In vivo efficacy experiments

HeLa cells (5 × 106 cells) were subcutaneously injected into the flanks of 4-week-old female BALB/c nude mice (HFK Bioscience Co, Beijing, China). Tumor volume was measured with a digital caliper every 2 days, tumor volume (mm3) = (length) × (width)2 × π/6. When the tumor volumes reached 100 mm3, the mice were randomized into 4 groups (n = 5) that received the following: model, UA (100 mg/ kg), and UA232 (50 or 100 mg/kg). Mice were intraperitoneal injection these drugs every 2 days for a total of 7 times. The body weight and tumor volume were recorded every 3 days. At the end of the experiment, all of the tumors and organs were collected and measured. All animal experiments were approved by the Experimental Animal Ethics Committee of the Institute of Radiation Medicine (IRM-DWLL-2020055) and compliant with the Guide for the Care and Use of Laboratory Animals.

Statistical analysis

Data were expressed as the mean ± SD from three independent experiments and evaluated by one-way analysis of variance (ANOVA) using GraphPad Prism 8.0.1 software or IBM SPSS Statistics 22.0 software (SPSS, USA). Differences were considered significant at p < 0.05.

Results

UA232 inhibited the proliferation of MCF7 and HeLa cells by inducing G0/G1 phase arrest

We used the CCK-8 assay to validate the cytotoxic effects of UA232 on MCF7, MDA-MB-231, ME-180, and HeLa cells.
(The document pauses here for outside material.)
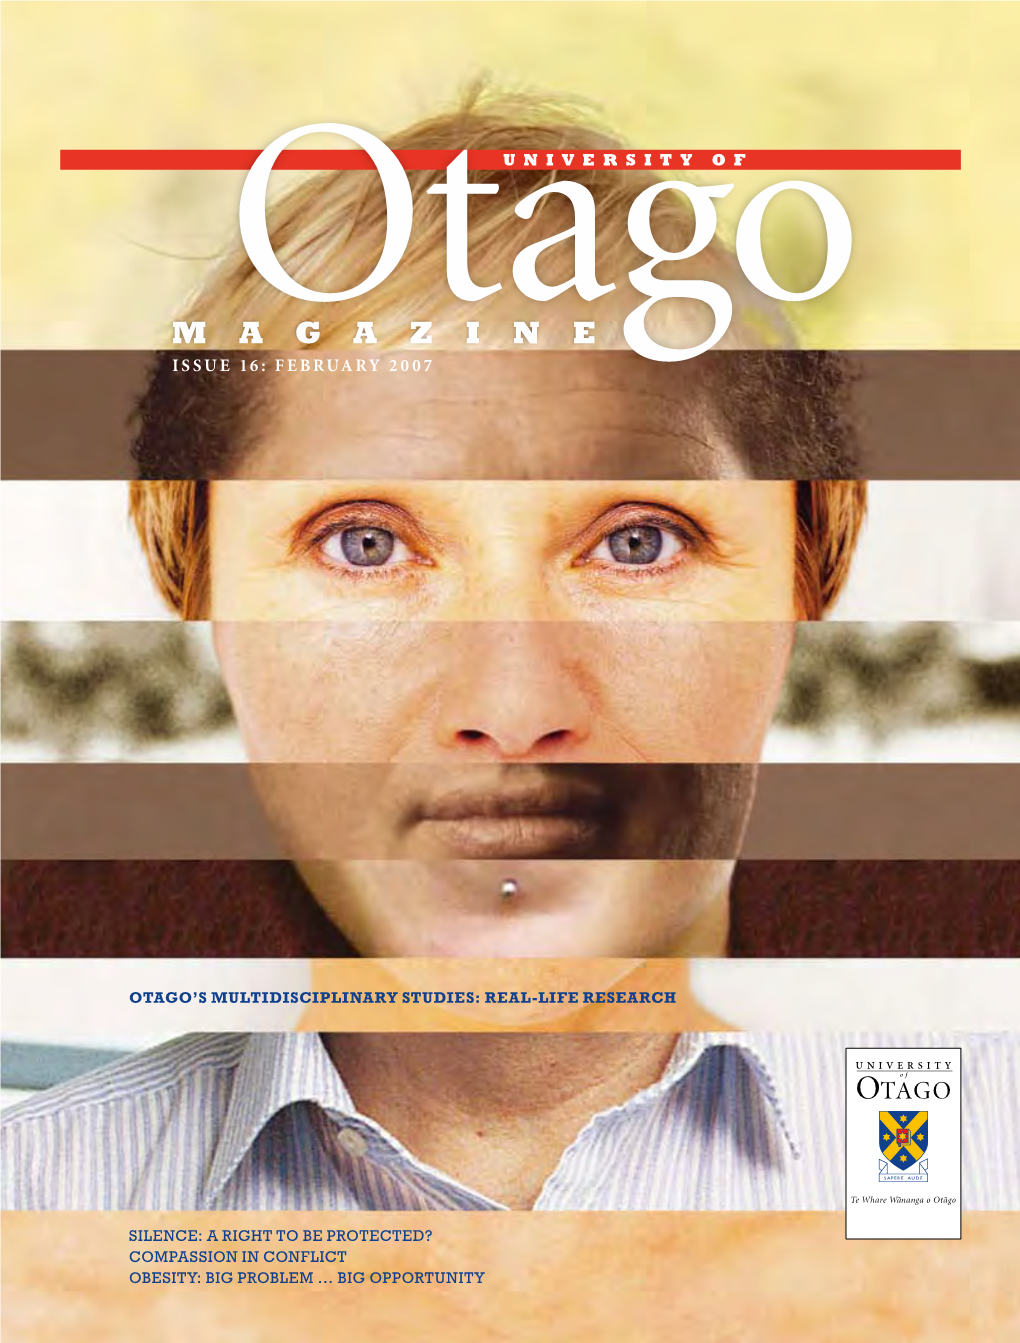 Issue 16 of the University of Otago Magazine

The results showed that UA232 decreased the viability of MCF7, MDA-MB-231, ME-180, and HeLa cells in a dose-dependent manner, and its anti-tumor effect was significantly stronger than that of UA, while the cytotoxicity of UA232 to human normal cell HIEC-6 was similar to that of UA (Fig. 1B, Fig. S1A-B). Morphological observations showed that the cells in the control group of MCF7 and HeLa cells were normal and grew in clusters. With the increase in UA232 concentration, the cell density decreased gradually, and the cells lost their normal morphology. At 8 μM (MCF7) or 12 μM (HeLa), the cells completely lost their normal shape and became round or even ruptured (Fig. 1C).

 Figure 1 

Effects of UA232 on the viability of MCF7 and HeLa cells. (A) Chemical structures of ursolic acid (UA) and UA232. (B) Cell inhibition rate was determined by CCK-8 assay in MCF7, HeLa, or HIEC-6 cells treated with UA232 or UA (0-50 μM) for 48 h. (C) Cellular morphologies of MCF7 or HeLa cells were detected after treatment with the indicated concentrations of UA232 or UA for 24 h.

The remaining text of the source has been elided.